After more than a decade free from contact, the dreaded postcard arrived in the mail: Jury Duty had called.
So, last Tuesday, I made my way to the courthouse, and with a long to-do list and laptop in hand, I naively hoped for strong wifi (it was) and a swift dismissal (it wasn't). Free from distractions, the morning sped by and I mistakenly and prematurely celebrated a day at the courthouse as exactly the thing I needed to catch up on some big projects at work.
Things took a sudden and decisive turn after lunch, when the judge finally called us – (un)lucky Jury Group #7 – into his courtroom. Once seated, we were given the news that our time at the courthouse might extend into early October as twelve of us would be selected as jurors for a major felony case.
That’s the moment I leaned forward, put my work aside, and started paying close attention to the surreal situation unfolding in front of my eyes. I was expecting drama and intrigue; I wasn’t expecting to get schooled on the art of communications, yet that’s exactly what happened:
1. Sell your story (and compel your stakeholders to act)
I always thought that when it came to litigation, the big pitch came during closing arguments, yet I was absolutely blown away by the early, passionate, and personal call to action from the judge on Day #1. Perhaps it was the audible sigh he heard when we learned the details of the case, perhaps it was his decades-long experience on the bench, regardless, our judge knew his very first order of business was to convince a room full of disengaged and unwilling potential jurors to shift their attitudes a full 180-degrees. Miraculously, by weaving a vision of duty and privilege, he did just that, inspiring the better part of a diverse room full of people from all walks of life to stand up and serve, if required.
2. Speak to each of your stakeholders (messaging is never one-size-fits-all)
Our judge was so successful at shifting perceptions by appealing to the myriad personas in his courtroom. For the patriot, he waxed poetic about the duty we had as citizens, the privilege of participating in our uniquely American justice system. For those who were inclined to try all measures to get out of serving, he broke down every legal excuse to the critical components (and let me tell you, it became really clear that half-baked excuses were not going to cut it). And for the curious, he compared the experience of serving on a jury to getting front row seats to a play. Hamilton, here we come!
3. Personas matter (because, after all, they are the decision makers)

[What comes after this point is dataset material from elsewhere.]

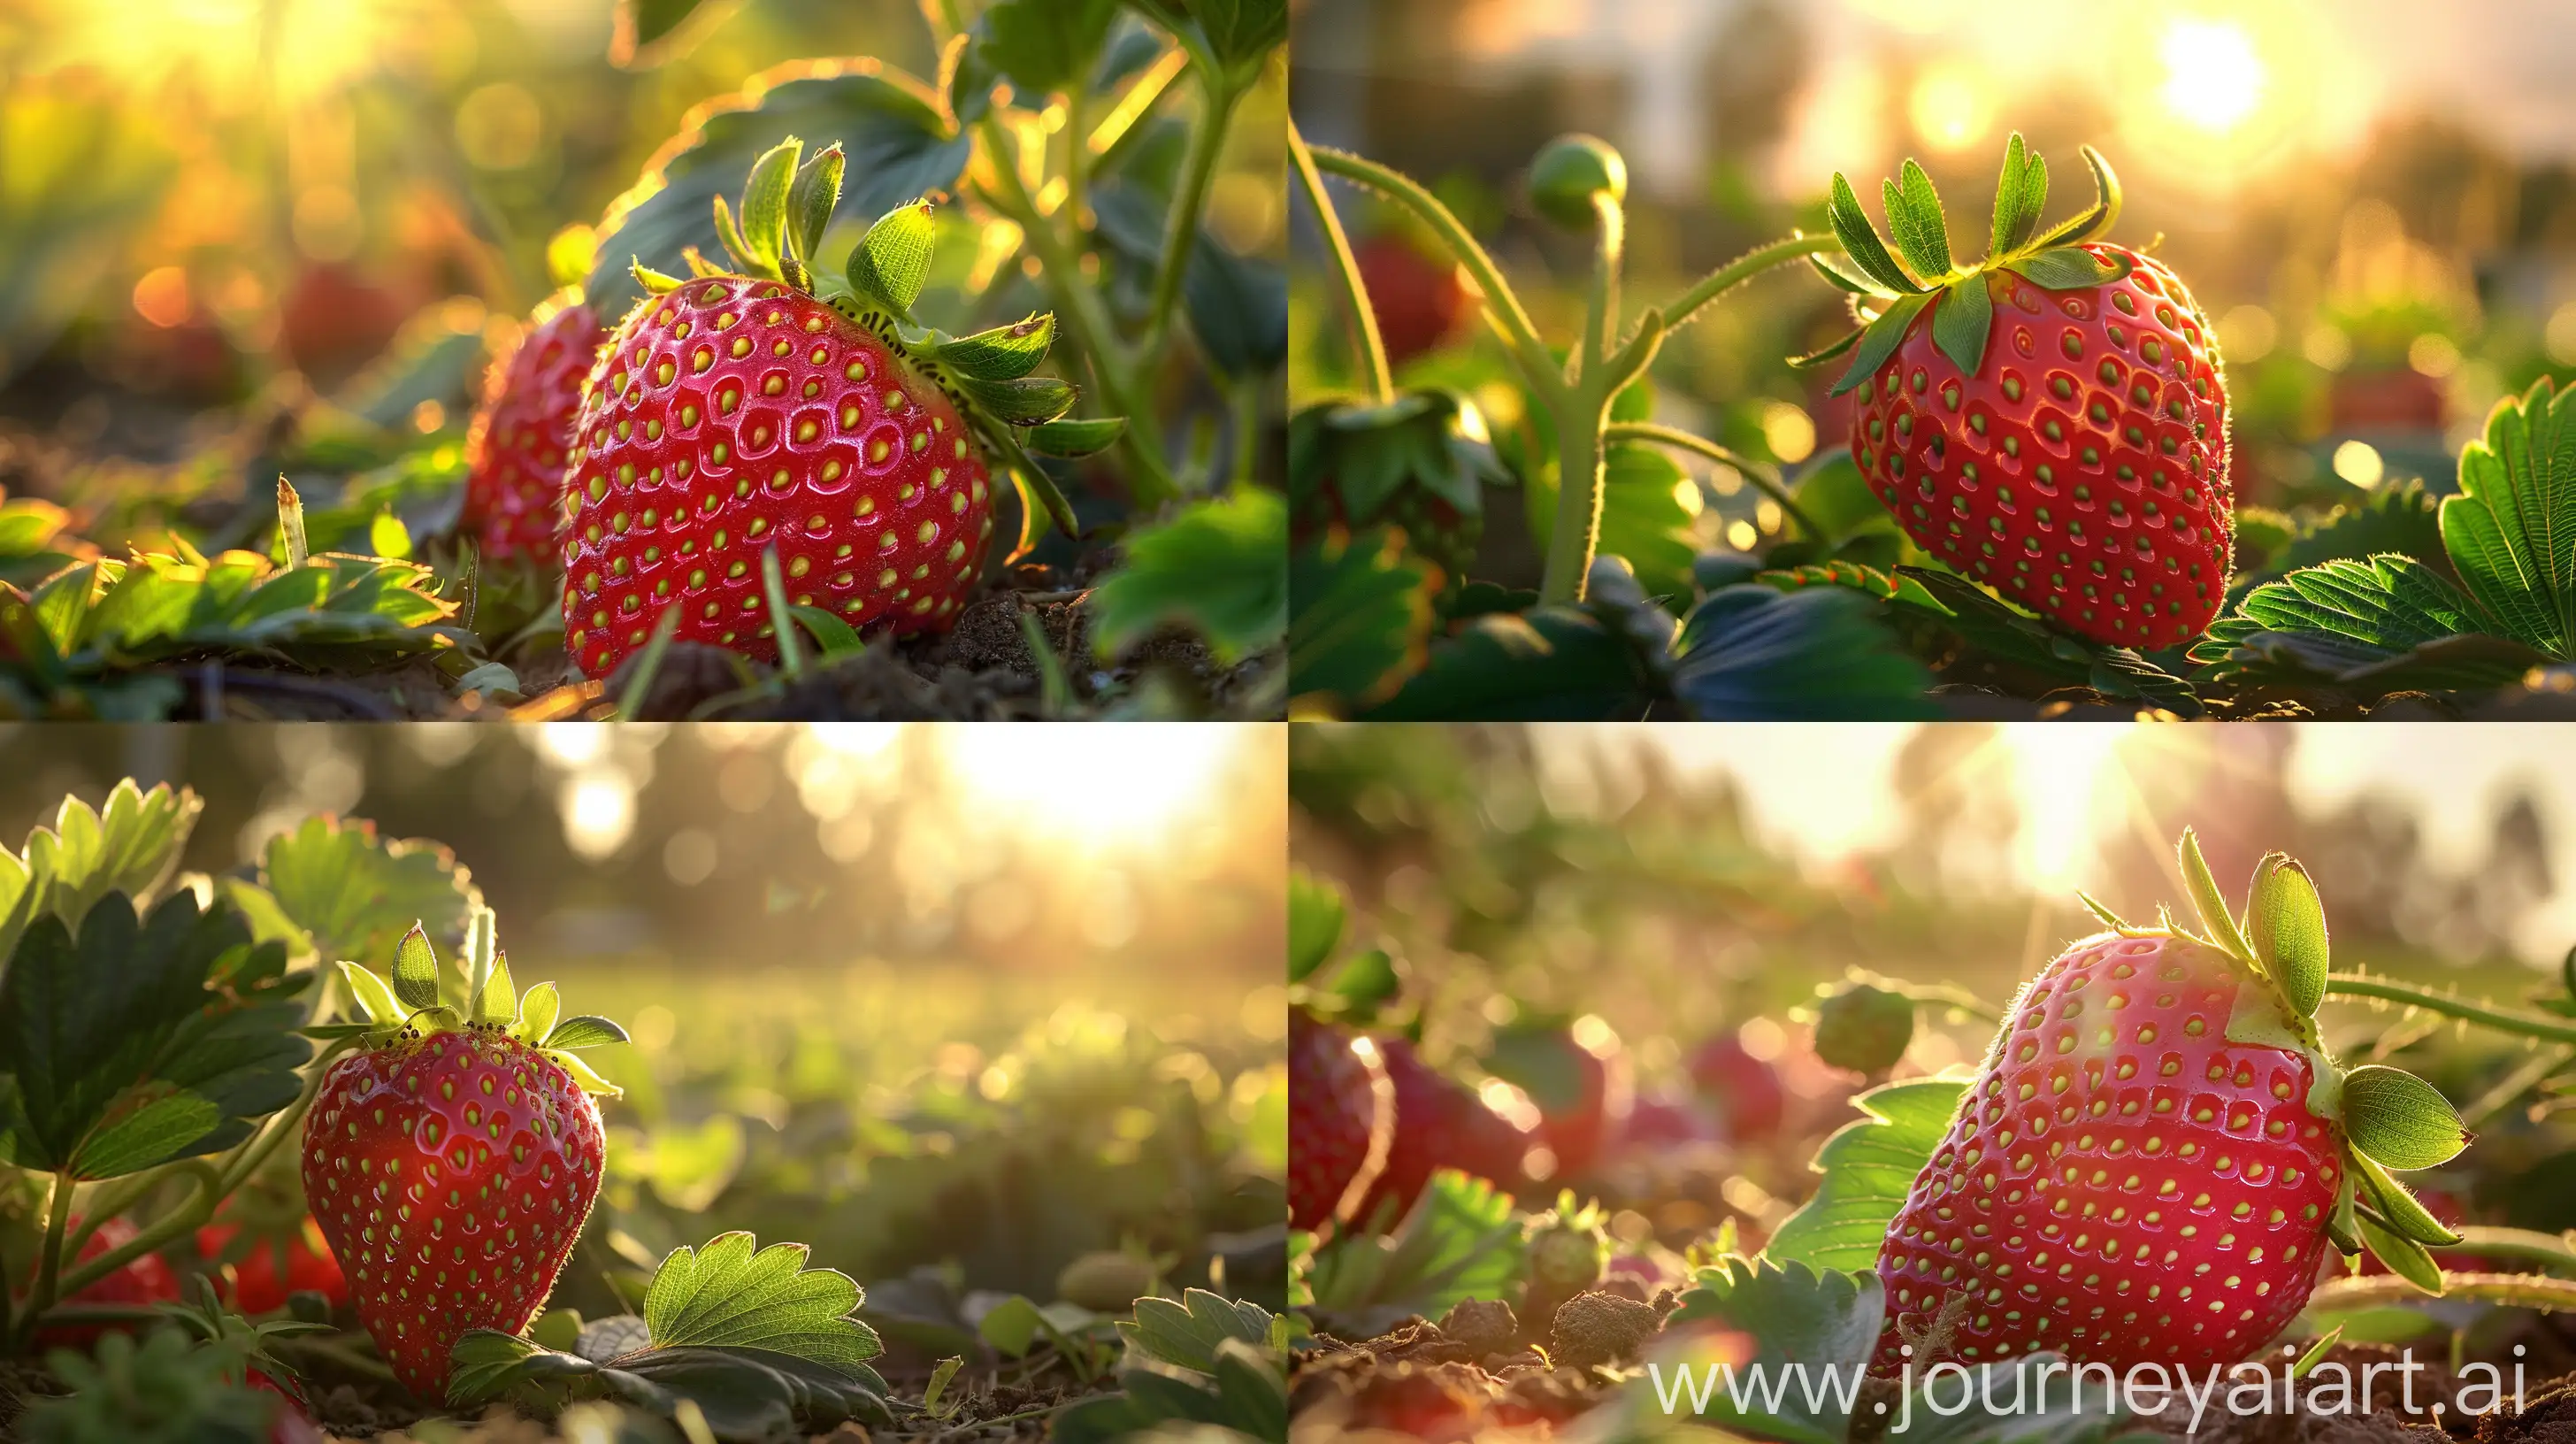 High detailed photo capturing a Strawberry, Chandler. The sun, casting a warm, golden glow, bathes the scene in a serene ambiance, illuminating the intricate details of each element. The composition centers on a Strawberry, Chandler. These early midseason June-bearing strawberries are a good choice for fresh pickings of homegrown, bright red, flavorful fruit. Firm, large and beautifully shaped, these berries are especially appealing in fresh fruit trays.. The image evokes a sense of tranquility and natural beauty, inviting viewers to immerse themselves in the splendor of the landscape. --ar 16:9

The very first thing the judge asked us to do was complete a 50-page questionnaire. Having created a plethora of surveys myself, it was impossible not to study the content of the survey as I was filling it out. The intent of the survey was crystal clear – it was designed to uncover bias, personal experience related to the alleged crime, as well as personal relationships with key players in the case. Based on our responses, we’d clearly be categorized into three primary groups: 1) suspected bias-for the prosecution; 2) suspected bias-for the defense; 3) neutral.
4. Identify your advocates (like your life depends on it)
Armed with our completed questionnaires, Day #2 commenced with rigorous questioning of the jury pool under oath by the judge, the prosecutor, and the defense. The judge is focusing his questions on impartiality, the defense on the assumption of innocence, and the prosecutor on the ability to infer guilt upon a preponderance of evidence. All the while, the prosecution and defense are clearly taking stock of the landscape, noting their detractors as well as the jurors that seem most sympathetic to their case. Ultimately, the make-up of the jury will be determined by a complex card-trading game of sorts whereby the prosecution and defense will try to stack the deck in their favor.
5. Influence the influencers (and it’s never too early to start)
While the actual case itself will be the primary stage on which the attorneys will look to influence the jury, it’s been fascinating to note that they’re already on that path. Even with a room full of prospective jurors – the final twelve not yet identified – the attorneys are offering bits of information and posing questions in ways designed to influence. Assertions made by prospective jurors are being challenged, provocative opinions shared on the written questionnaire read aloud to all, and even the attorneys' own body language seems to be purposeful in its attempt to shift and shape the mindset of those of us still sitting in the jury pool.
I head back to Jury Duty tomorrow, a week into the jury selection process. The wifi is still strong, and while my work to-do list has grown exponentially, there’s no doubt that another day in court will further enforce my appreciation of the art and science of communications done well, no matter the venue. Lessons that will certainly be invaluable once I finally get back to my day-job, be it later this week or in October.